When family offices, high net worth individuals (HNWIs), and ultra high net worth individuals (UHNWIs) are looking to purchase luxury assets (particularly yachts, art, and aircraft), there are several factors to consider. Consider the best structure for purchasing and holding such luxury assets.
When purchasing luxury assets, one of the first things to consider is the structure in which such luxury assets are purchased and subsequently held. One of the most popular options is to hold luxury assets through a special purpose vehicle (SPV) in the British Virgin Islands (BVI).
What is SPV? Why use SPV?
An SPV is generally a corporate structure (usually a BVI operating company) established solely for the purpose of purchasing and holding high-end assets, offering some or all combinations of (depending on the exact SPV structure used) There is a tendency to The following benefits:
Financing flexibility and risk limitations: SPVs can potentially be structured “off-balance sheet” to provide new luxury financing at the SPV level without increasing debt/security for the broader corporate group or high net worth/ultra high net worth individuals. Can be used to secure financing for assets. Directly (subject to any warranties given). Transfer/sale: If you wish to sell or transfer your luxury assets in the future, you can do so with minimal hassle as the SPV can be sold as a self-contained entity. This may also have additional benefits as permits and registrations (for yachts and aircraft) do not need to be transferred and remain in the name of the transferring SPV. Limited Liability: Most SPVs benefit from ‘limited liability claims’. This means that, in most cases, existing group companies or high net worth/ultra high net worth individuals are insulated from financial risks in the event of default or other issues related to luxury assets. (Subject to any warranties given).

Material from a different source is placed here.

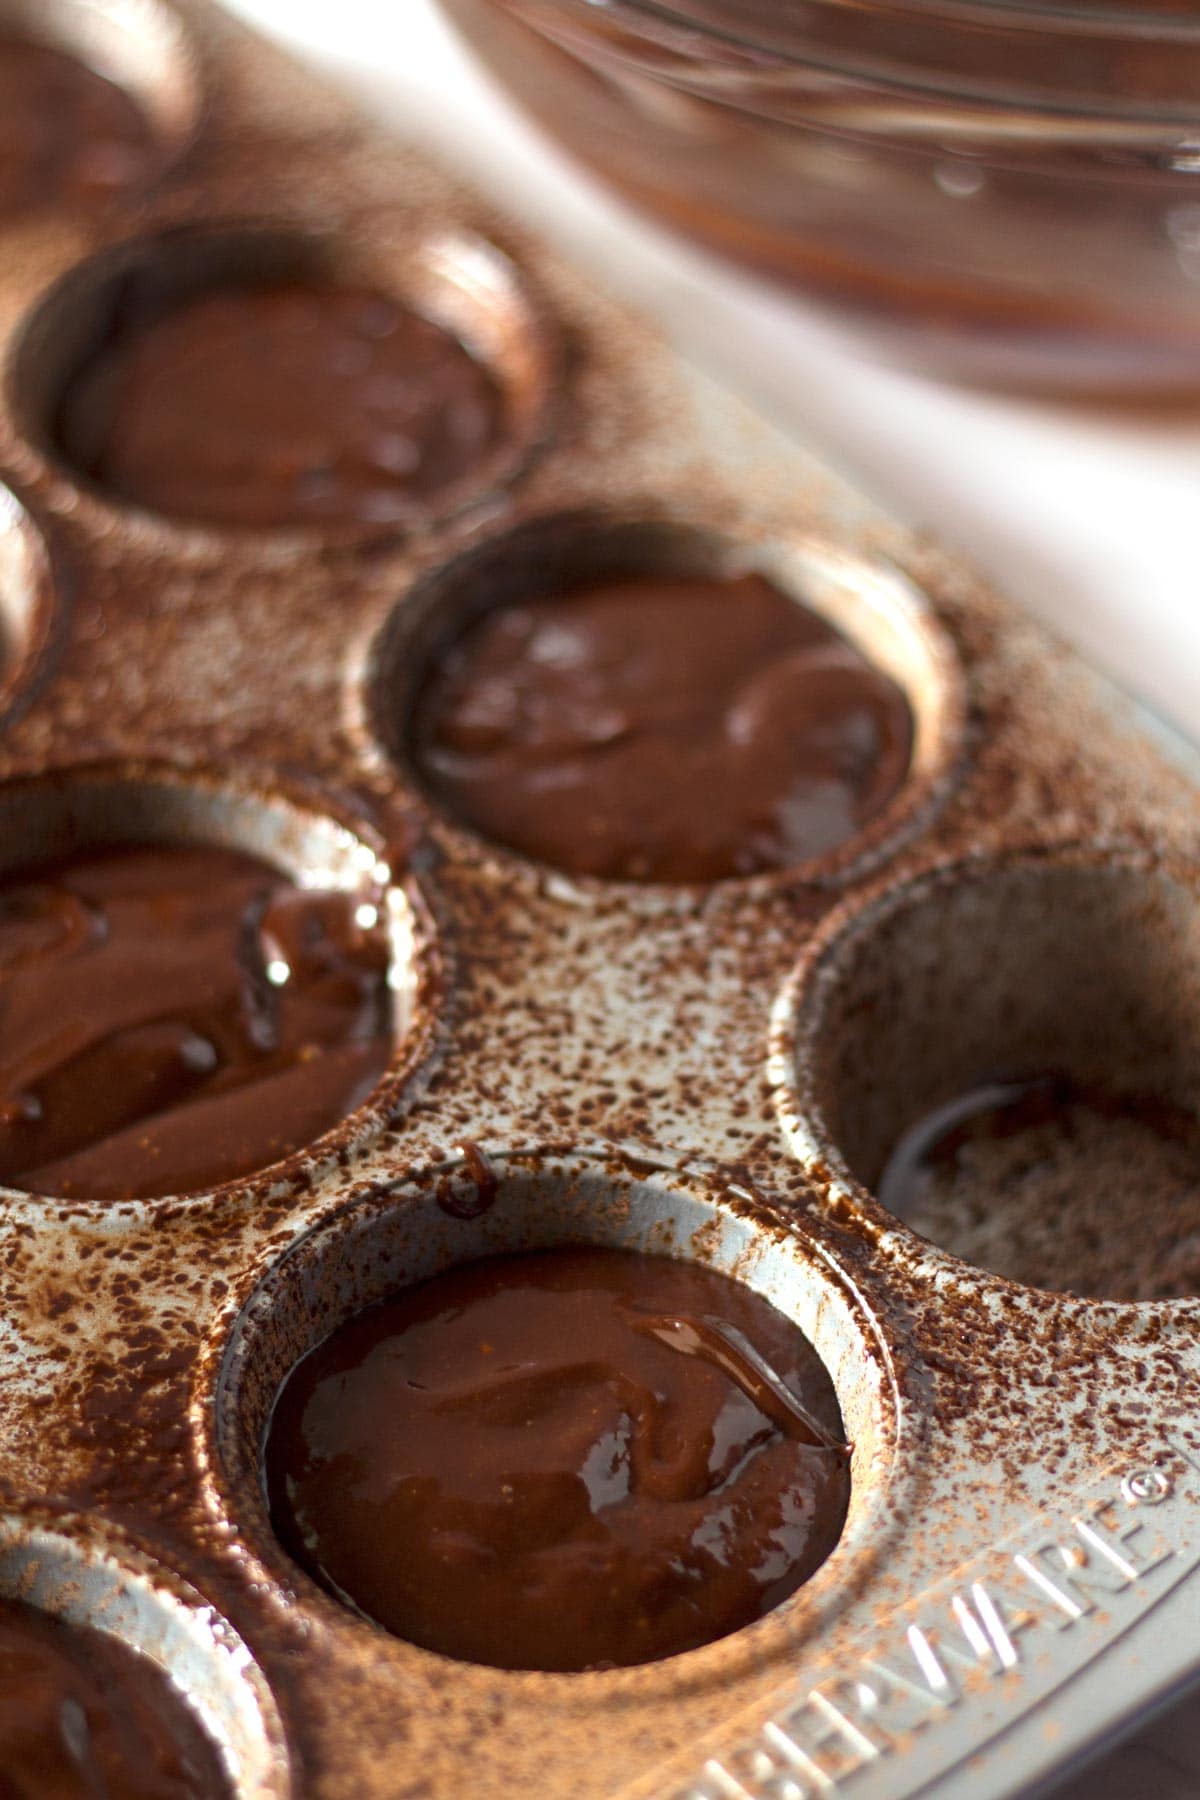 Muffin tin filled three-fourths of the way with lava cake batter.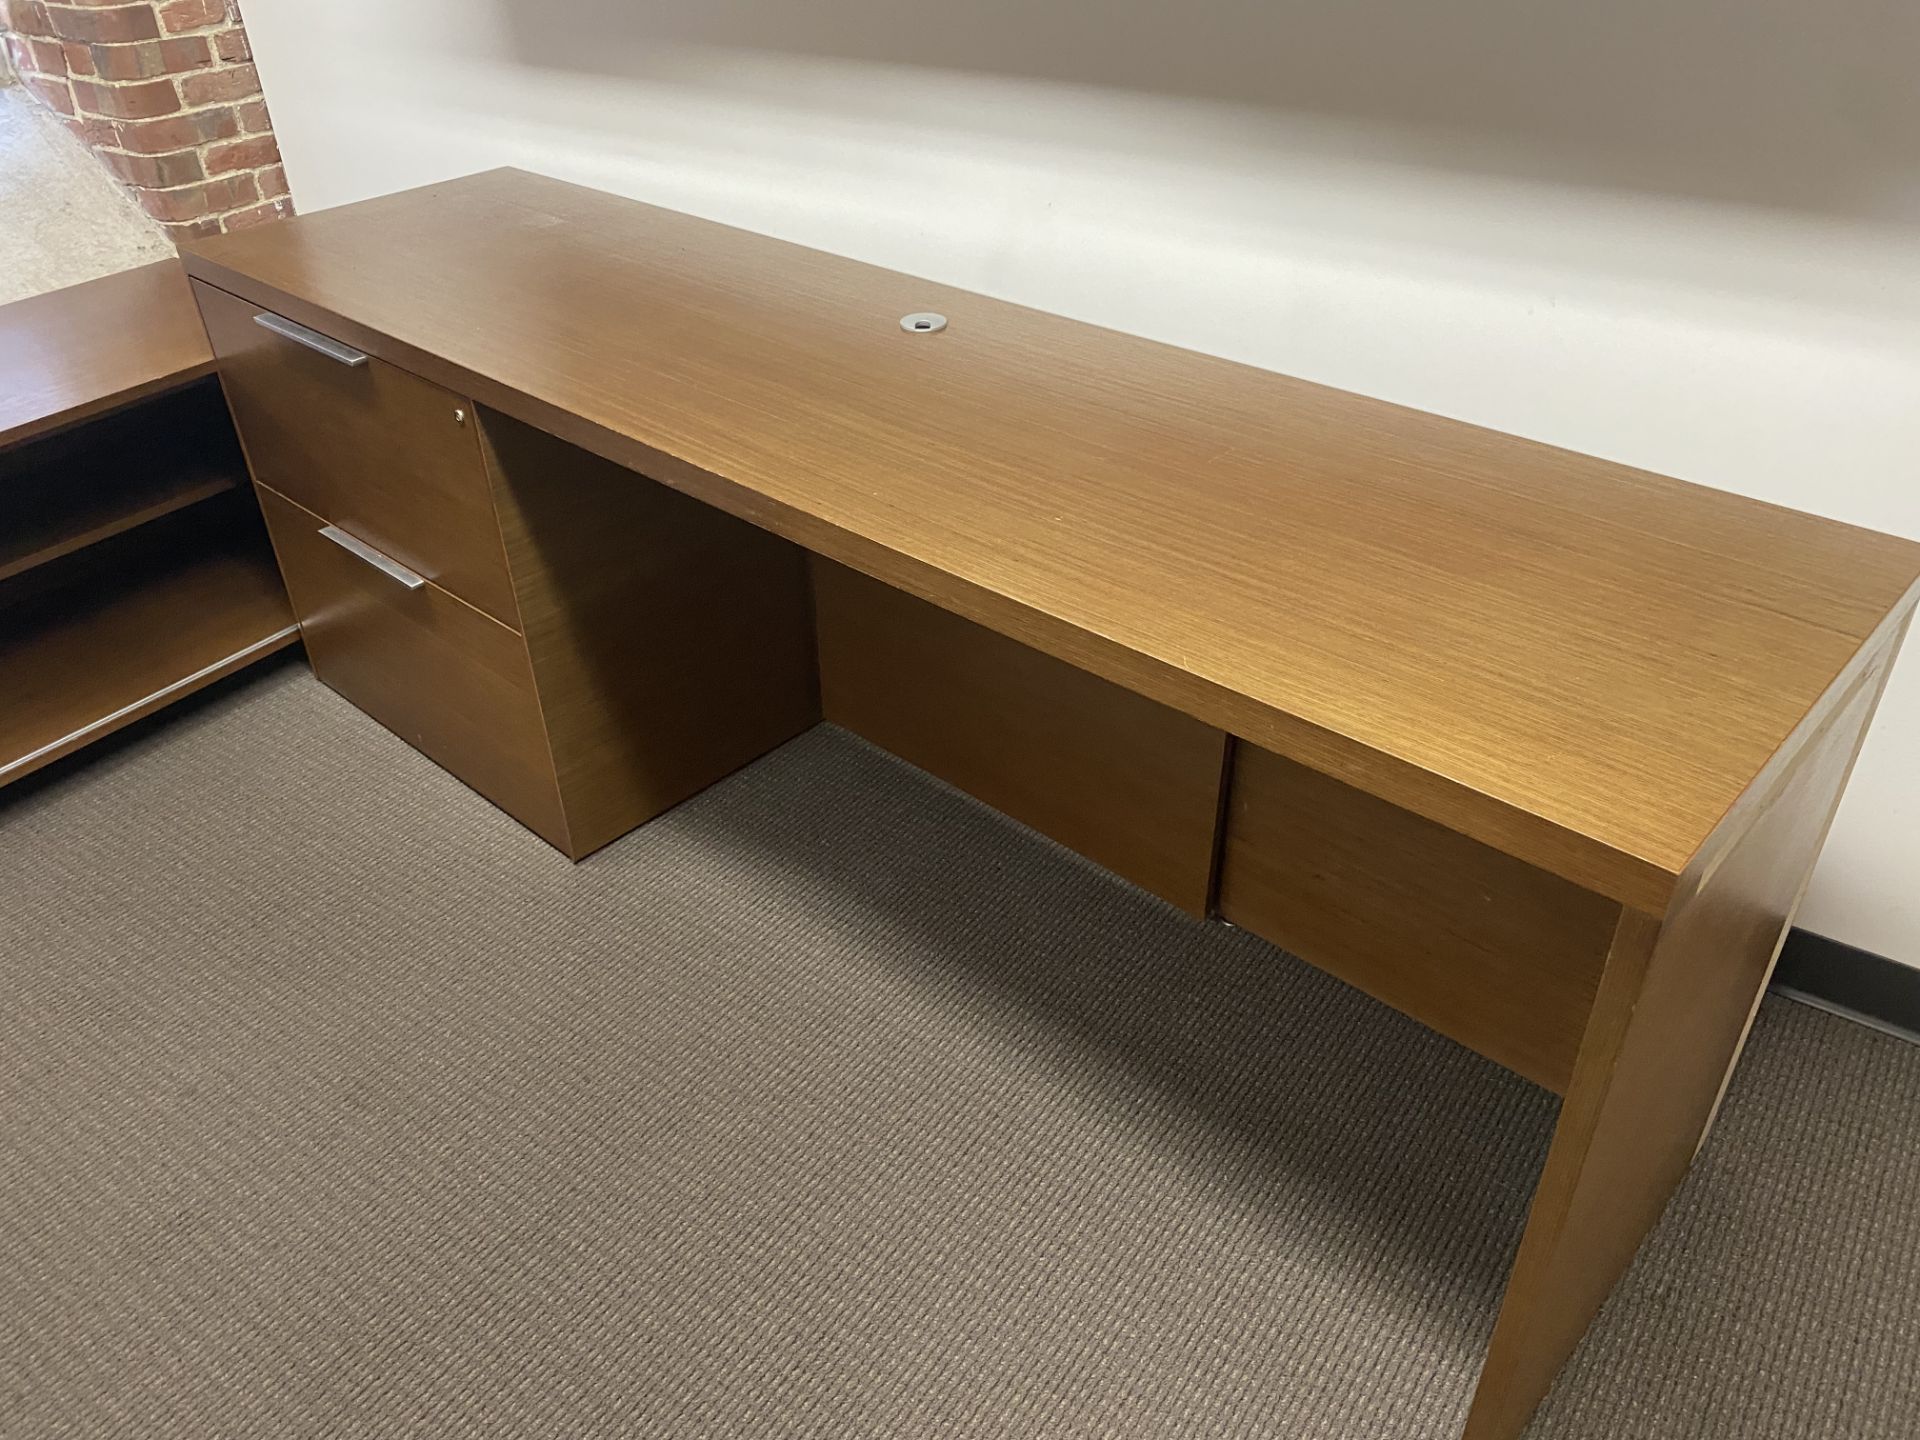 {LOT} 3' x 6' Ergonomic Electric Height Adjustable Wood Top Desk (49" Max Height) w/Matching - Image 3 of 4

BVI as primary jurisdiction of choice for luxury asset SPVs
The BVI is one of the most popular jurisdictions chosen when setting up an SPV to hold luxury assets. The BVI is one of the world’s leading offshore financial centers and offers the following key benefits:
Reputation: The BVI is one of the most well-known and well-established offshore financial centers and is known for its reputation as one of the most well-known and well-established offshore financial centres, with a number of lesser-known parties making claims such as: It offers significant advantages compared to unconventional offshore financial centres. offers similar benefits. Confidentiality: Details of the shareholders/members of the BVI SPV are not currently available to the public unless elected otherwise. Tax Neutrality: The BVI is tax neutral, meaning there is no income tax, corporate tax, or capital gains tax in the BVI. Furthermore, except in very special circumstances, the BVI does not impose stamp duty on the transfer of shares in an SPV where the SPV is sold as a self-contained entity holding high-grade assets. British Overseas Territories: Ultimate executive authority in the BVI is vested in the British Crown and is exercised on behalf of the Governor-General of the British Virgin Islands. Legal System: The BVI has a recognized and well-developed common law legal system with final appeal to the Privy Council in London. Legislation: The BVI has a very flexible and easy-to-use corporate legislation compared to some onshore/other offshore jurisdictions. Banking: The BVI is not subject to any exchange controls and uses the US dollar as its primary currency. Cost: Compared to most other established offshore financial centres, the cost of establishing and maintaining an SPV within the BVI is low.
BVI SPV structure
The main legislation governing BVI companies is the BVI Business Corporations Act 2004 (as amended) (BCA), which makes provision for several different types of BVI companies. However, for BVI SPVs formed to hold high-end assets, a BVI Business Company Limited by Shares (BVI BC) is commonly chosen, with the following key characteristics:
BVI BC has a separate legal personality. This means that in most cases the shareholder/member’s liability is limited to the unpaid amount, if any, of the shares in question. In most cases, such amounts are zero or only nominal. The day-to-day running of a BVI BC can be left to the company’s directors (who usually do not need to be physically based in the BVI). The SPV has a registered agent and registered office based in the BVI and handles certain day-to-day administrative aspects of maintaining the BVI BC on behalf of its clients, reducing their administrative burden*. BVI BC is a common SPV format that is widely recognized worldwide. BVI BC is not subject to statutory financial aid limitations.
conclusion
Purchasers of yachts, art, aircraft, and other luxury assets face important decisions regarding the structure of such acquisitions. Multiple options are available, including various forms of SPVs with different corporate addresses, allowing buyers to find the best combination of quality, flexibility, administrative convenience, cost/tax efficiency, and international acceptance. You need to find a jurisdiction that offers it. The BVI has emerged as the jurisdiction of choice for sophisticated family offices and high net worth/ultra high net worth individuals looking to acquire and hold luxury assets, offering a flexible, tax efficient and safe place to do business. We have and will continue to lead the way.